Furthermore, the author has an over-riding concern in the strategic. Thus, he uses military tones in talking of respondents to the gospel as “beachhead communities” (150). Such talk plays into the hands of those who see the call to discipleship to Christ as nothing short of a crusade against Islam. How can we possibly communicate the radical, self-sacrificing message of discipleship effectively when such careless writing is out in the public domain? No doubt the book is the subject of intense scrutiny by leaders throughout the Muslim world. What will they think when they read such a sentence? Is this simply a careless slip or is the writer here displaying a territorial Christendom-style attitude? When the Lord Jesus announced that his kingdom is not “of this world” (John 18:36) he was putting paid once and for all to any confusion of his kingdom with earthly kingdoms. Talk about beachheads surely simply foments antagonism to the gospel.

Ironically, Garrison seems to be aware of the weaknesses of pragmatic approaches to ministry. So, in discussing the progress of the gospel in West Africa, he criticises “Western expressions of Christianity which emphasize rational precepts, doctrines and programs”. The people welcome, rather, the offer of “power to defeat the challenges of curses, physical illness, mental illness, and demonic possession” that come from a bold offer of the gospel (166). But how different is this, when power is seen simply in utilitarian terms, as another means to an end? Never mind what the Lord Jesus said about loving “the Lord your God with all your heart and with all your soul and with all your mind and with all your strength” (Mark 12:30). And never mind that the Lord Jesus himself often declined to use his power (Mark 1:38). A solid biblical theology must underpin all efforts at contextualisation of the gospel – including among those for whom power is so important. This demands more than superficial readings of the Gospels.

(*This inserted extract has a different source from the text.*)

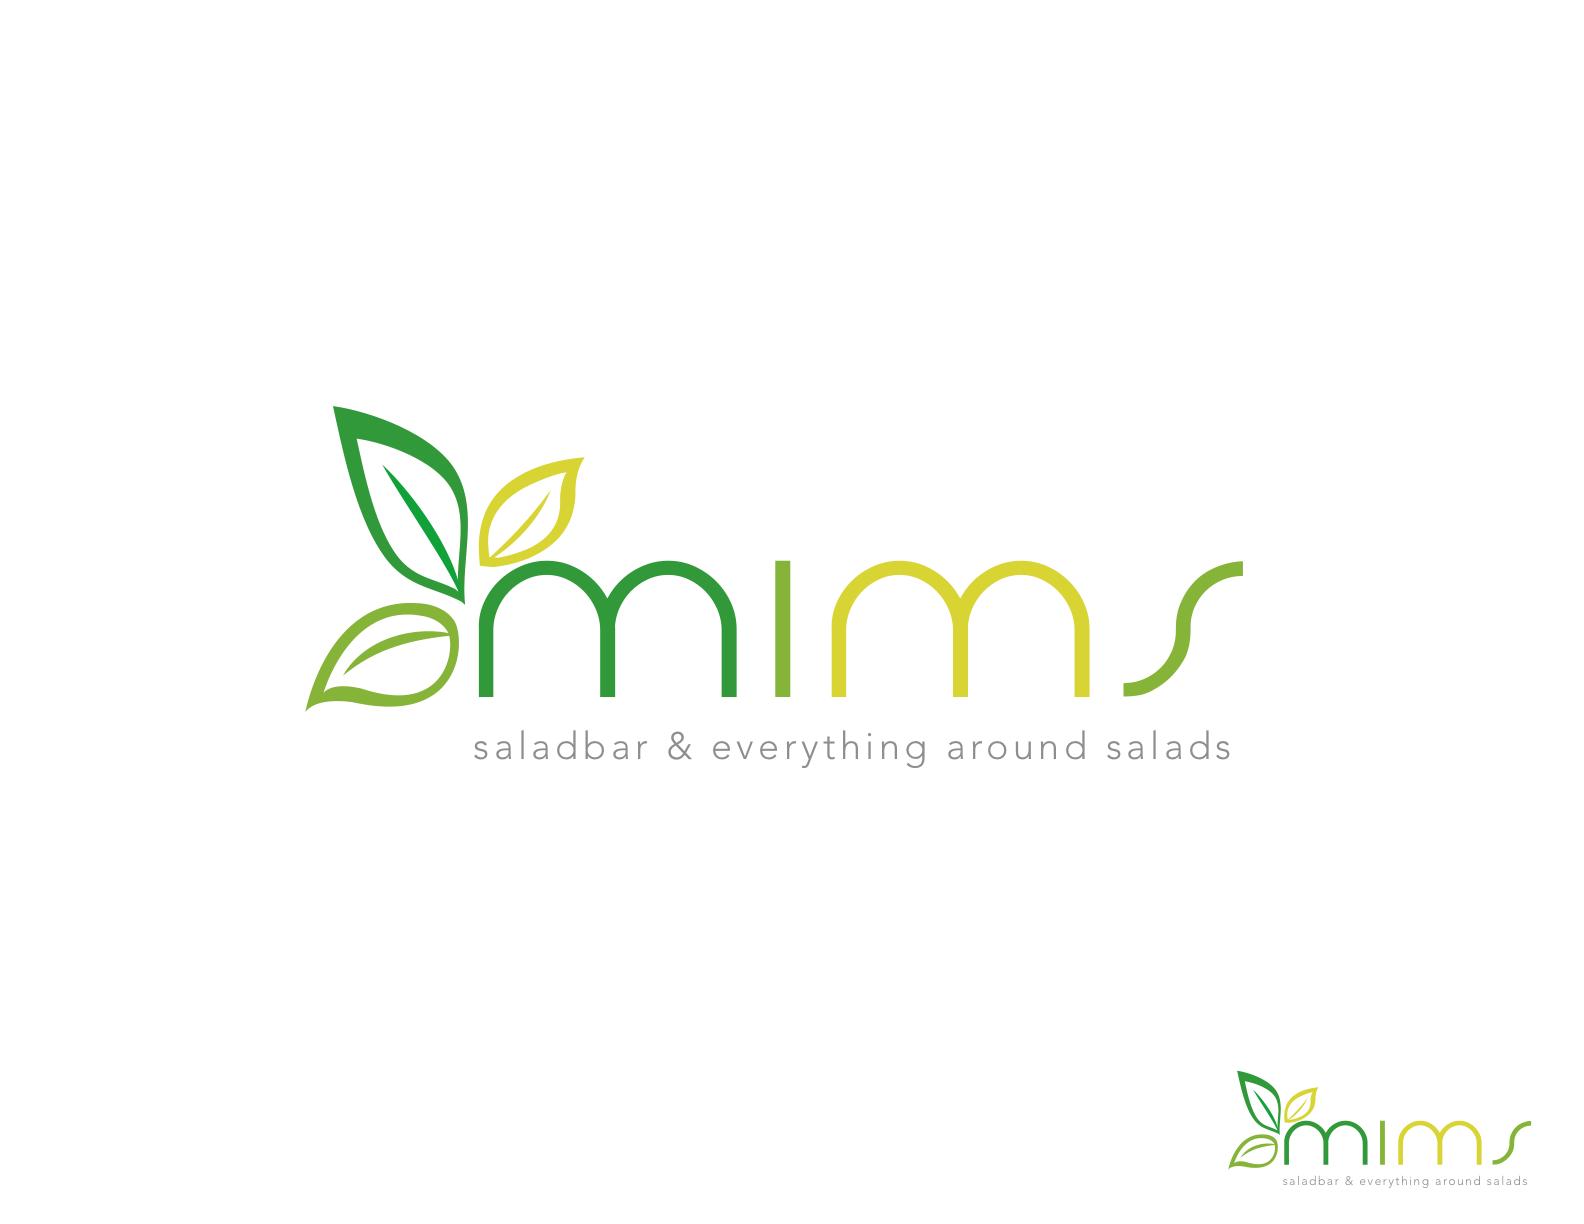 Saladbar needs a new logo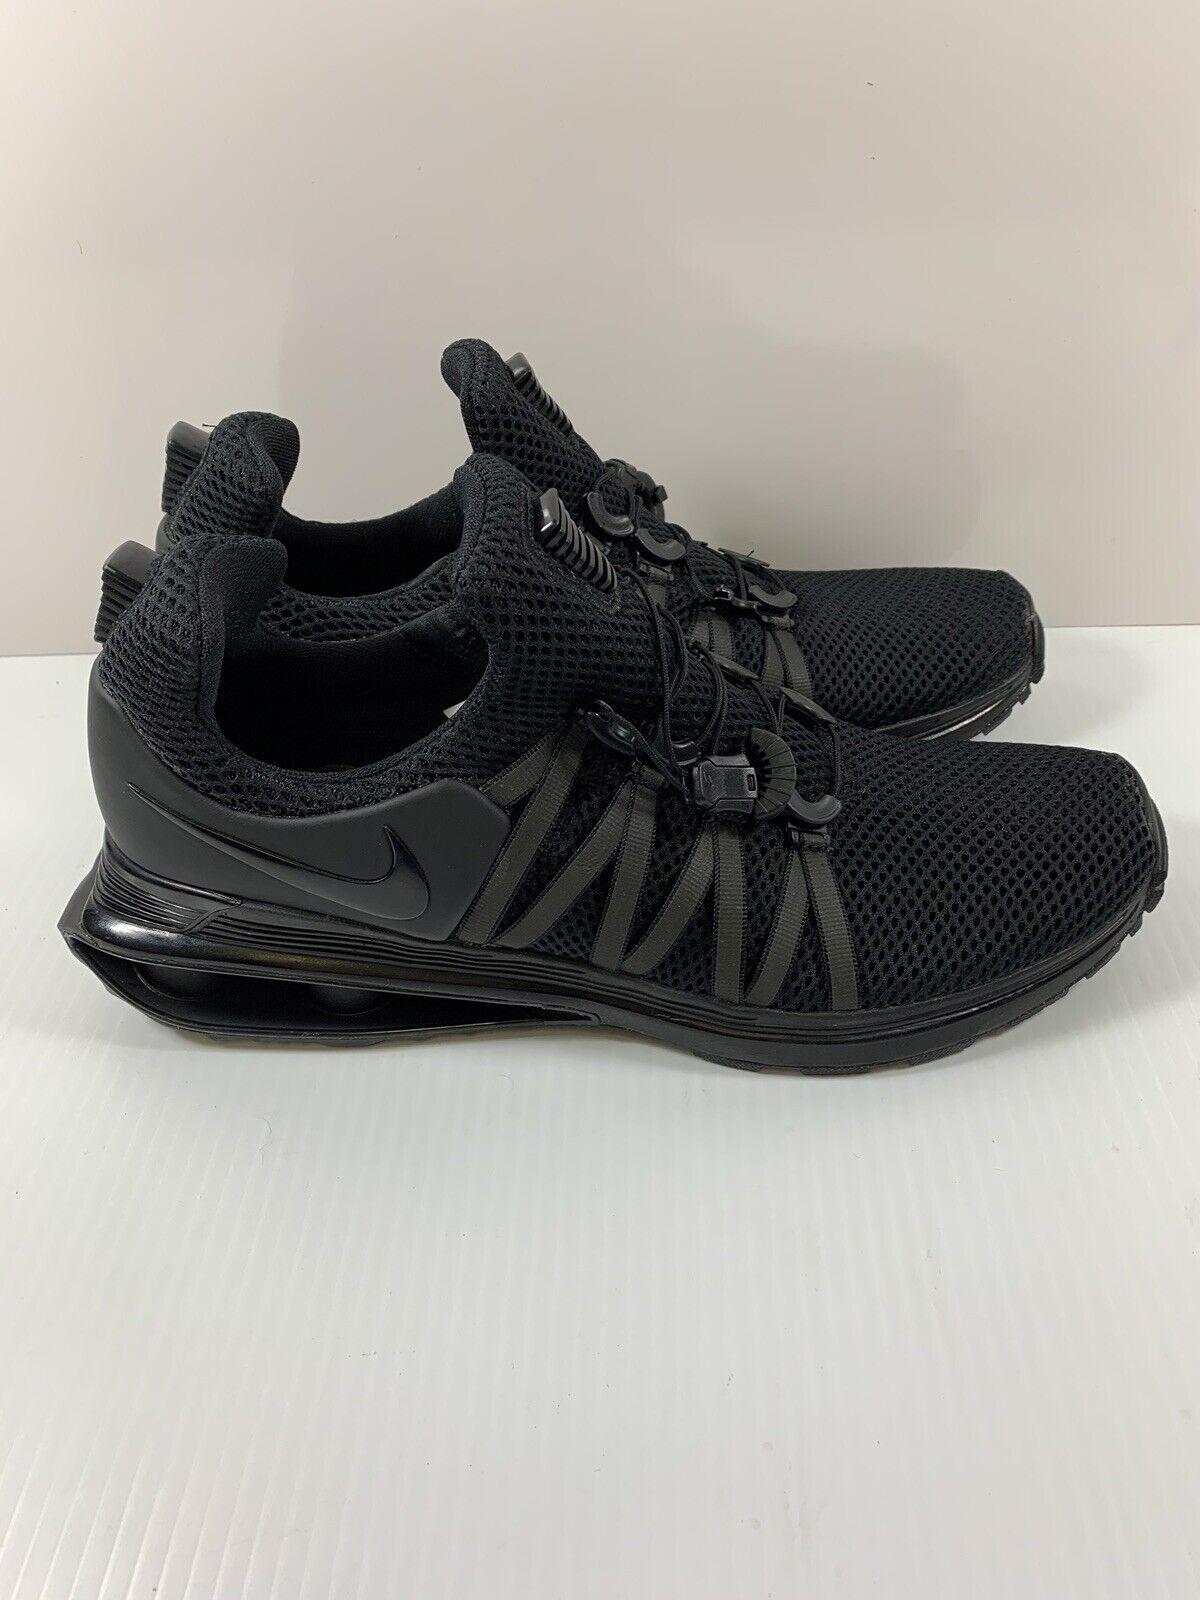 Nike Shox Gravity Men's shoes  Black AR1999 001 Size 8.5 Triple Black NEW

In like manner, then, contextualisation is treated as a tool for effective communication by outsiders (245) rather than a process in which indigenous Christ-followers reflect on Scripture and work out their discipleship (with or without foreign interaction). A pragmatic approach to contextualisation soon runs into trouble when new tools for ministry are touted. Thus, the author can cite “19th century American revivalism” as a good example of cultural adaptation, “important for the contextualization of the gospel in its day and time” (248). A careful analysis of 19th century American revivalism, however, shows some serious deficiencies in theology and practice that continue to have negative consequences today as the methods have been exported around the world.[3] Far from an appropriate adaptation, revivalist methodology emerged out of an uncritical adoption of Enlightenment ideas of humanity. If careful, critical contextualisation of the gospel message had been going on in the 19th century such deficiencies would have been dealt with at source, to the benefit of contemporary Americans as well as the recipients of their gospel efforts. One cannot but wonder, however, whether such ideas continue to have a detrimental effect not only on local believers in other countries but also on missiology in the West.

This article has been quite critical of several aspects of the research that is recorded in this book. My hope is that it will sharpen the critical faculties of researchers in the house of Islam that will, in turn, enable better approaches to ministry among Muslims. But it is not just Muslim ministry that is in need of critical reflection. Approaches to work among Hindus and Buddhists, likewise, to say nothing of others, will also benefit from the lessons one can learn from reflection on such work.